NIPS 2018
Sun Dec 2nd through Sat the 8th, 2018 at Palais des Congrès de Montréal
Reviewer 1
In this paper, the author(s) introduced a new problem called subtask graph execution, where the agent is required to execute a given subtask graph in an optimal way. There are indeed some innovations in this work. Such as, neural subtask graph solver (NSS) which encodes the subtask graph using a recursive neural network, and to overcome the difficulty of training, the author(s) proposed a novel non-parametric gradient-based policy to pre-train the NSS agent and further fine-tune it through actor-critic method. The effectiveness is verified in two environments. 1.This paper is well written and easy to read, but there are a few misspelled words and symbol indicates error in this paper, such as, the ‘subtaks’in line 145 and the symbol of the top-down embedding line 147. 2.Two main contributions are presented for solving the proposed problem and training effectively. 3.The author(s) provide sufficient experimental evidence that the RProp and the NSS further improves the performance through fine-tuning with actor-critic method and performs much better than Greedy in zero-shot and adaption setting.
Reviewer 2
In this paper, the authors studied the problem of subtask graph execution, that aims to find an optimal way to execute the given subtask graph.
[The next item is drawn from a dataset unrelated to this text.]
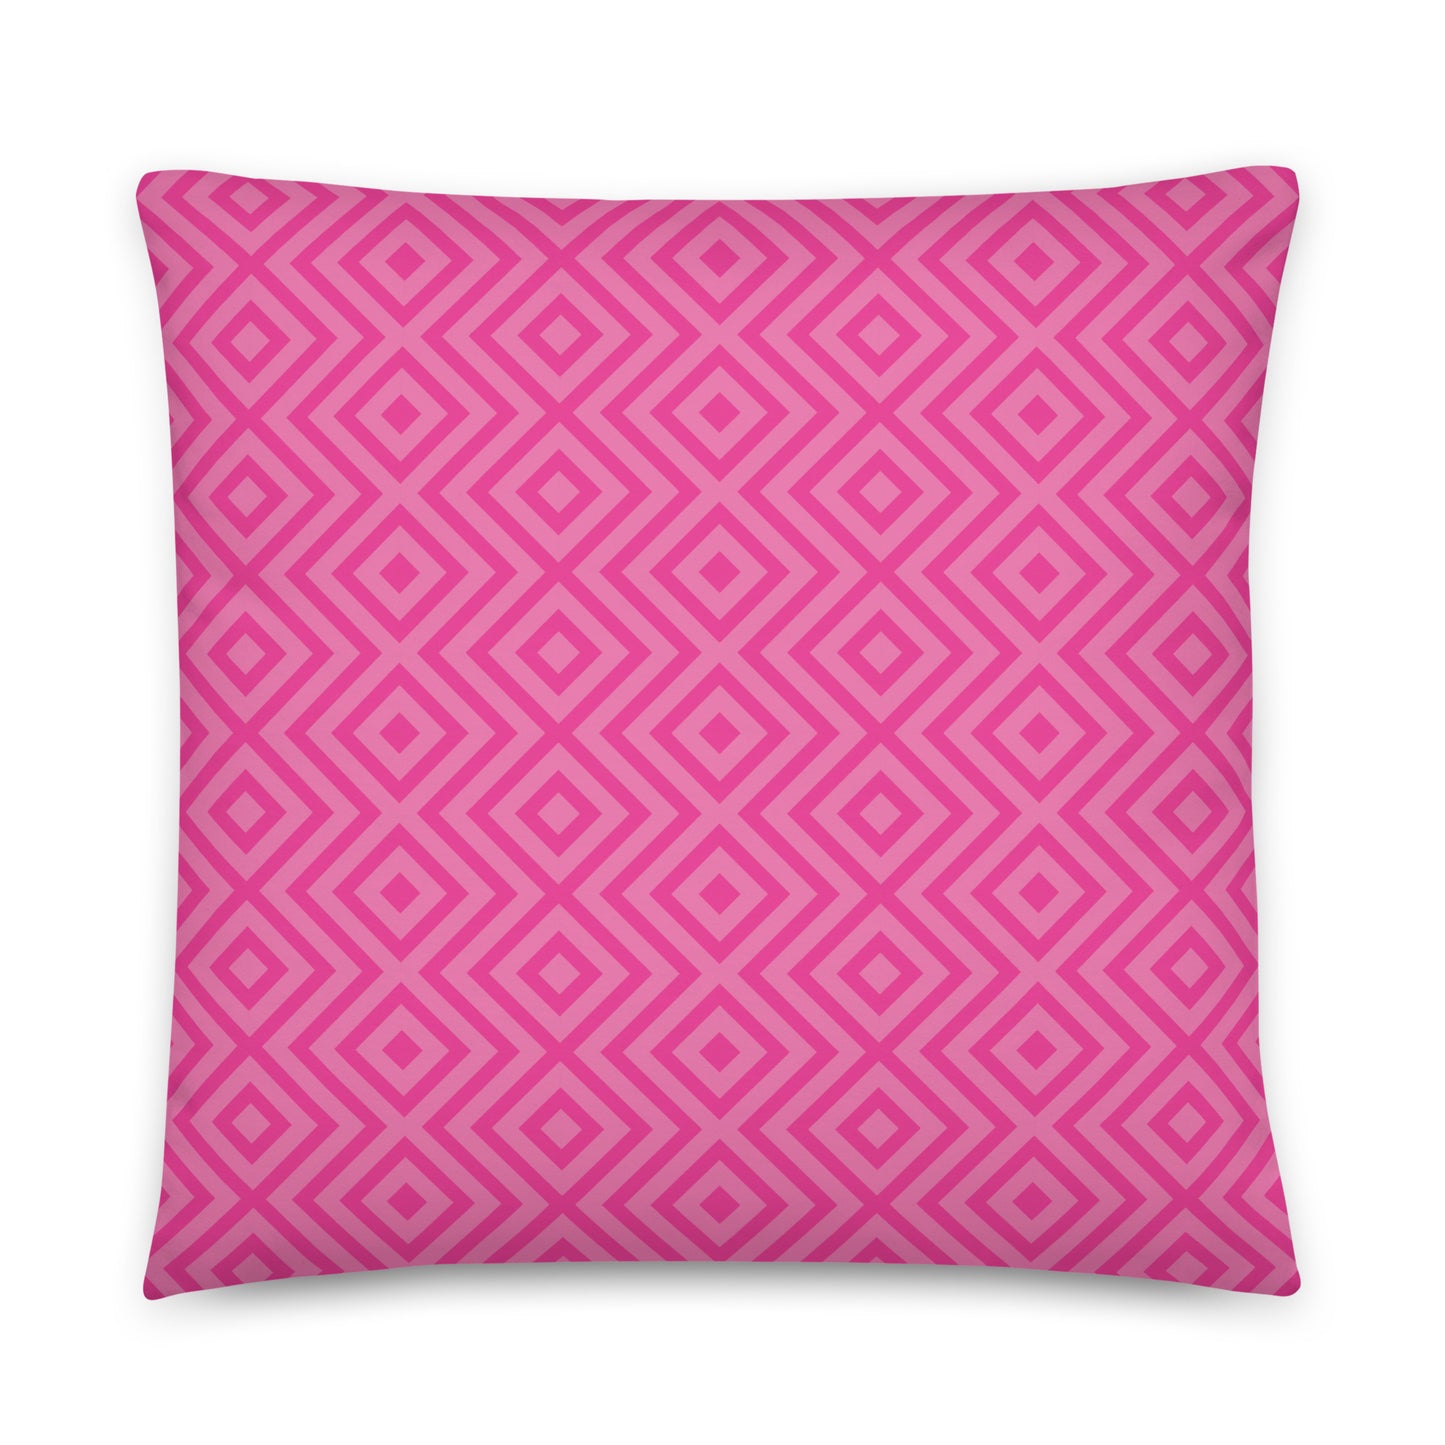 Neon Pink - Sustainably Made Pillows

To address this problem, a deep RL framework is proposed to explore the subtask graph using R3NN. Empirical studies are performed on two domains with sets of subtask graphs. The paper is well-written and easy to follow. However, my main concerns are that the application-driven motivation for the studied problem is not clear to me. The authors may want to provide more discussion to answer (1) why the studied problem is vital to our real life, i.e., the subtask graph may be hard to obtain, and (2) why the proposed methods are advanced than the existing graph-based multi-task learning tasks. Besides, more experiments should be provided by comparing with more state-of-the-art graph-based multi-task learning approaches. Strengths: (1) a novel problem of subtask graph execution. (2) the paper is well-written and easy to follow. (3) interesting empirical studies on two real domains with sets of subtask graphs Weakness: (1) the application-driven motivation of the studied problem is not clear. (2) more comparison experiments should be conducted by including recent graph-based multi-task learning methods.
Reviewer 3
The paper introduces an RL problem where the agent is required to execute a given subtask graph which describes a set of subtasks and their dependency, and proposes a neural subtask graph solver (NSS) to solve this problem. In NSS, there are an observation module to capture the environment information using CNN, and a task module to encode the subtask graph using recursive-reverse-recursive neural network (R3NN). A non-parametric reward-propagation policy (RProp) is proposed to pre-train the NSS agent and further finetune it through actor-critic method. Pros: 1. In general, the problem introduced in this paper is interesting and the method which uses CNN to capture the observation information and R3NN to encode the subtask graph is a good idea. 2. The method is evaluated in two experiments which outperforms the baselines in some different settings. Cons: 1. Writing: many details of the proposed method are included in the supplementary material which makes it difficult to understand by reading the main paper only. For example, even the objective is not defined in the main paper and all the training processes are presented in the supplementary material. 2. The baseline used in this paper is simple. Why not compare to the schemes listed in the related work section?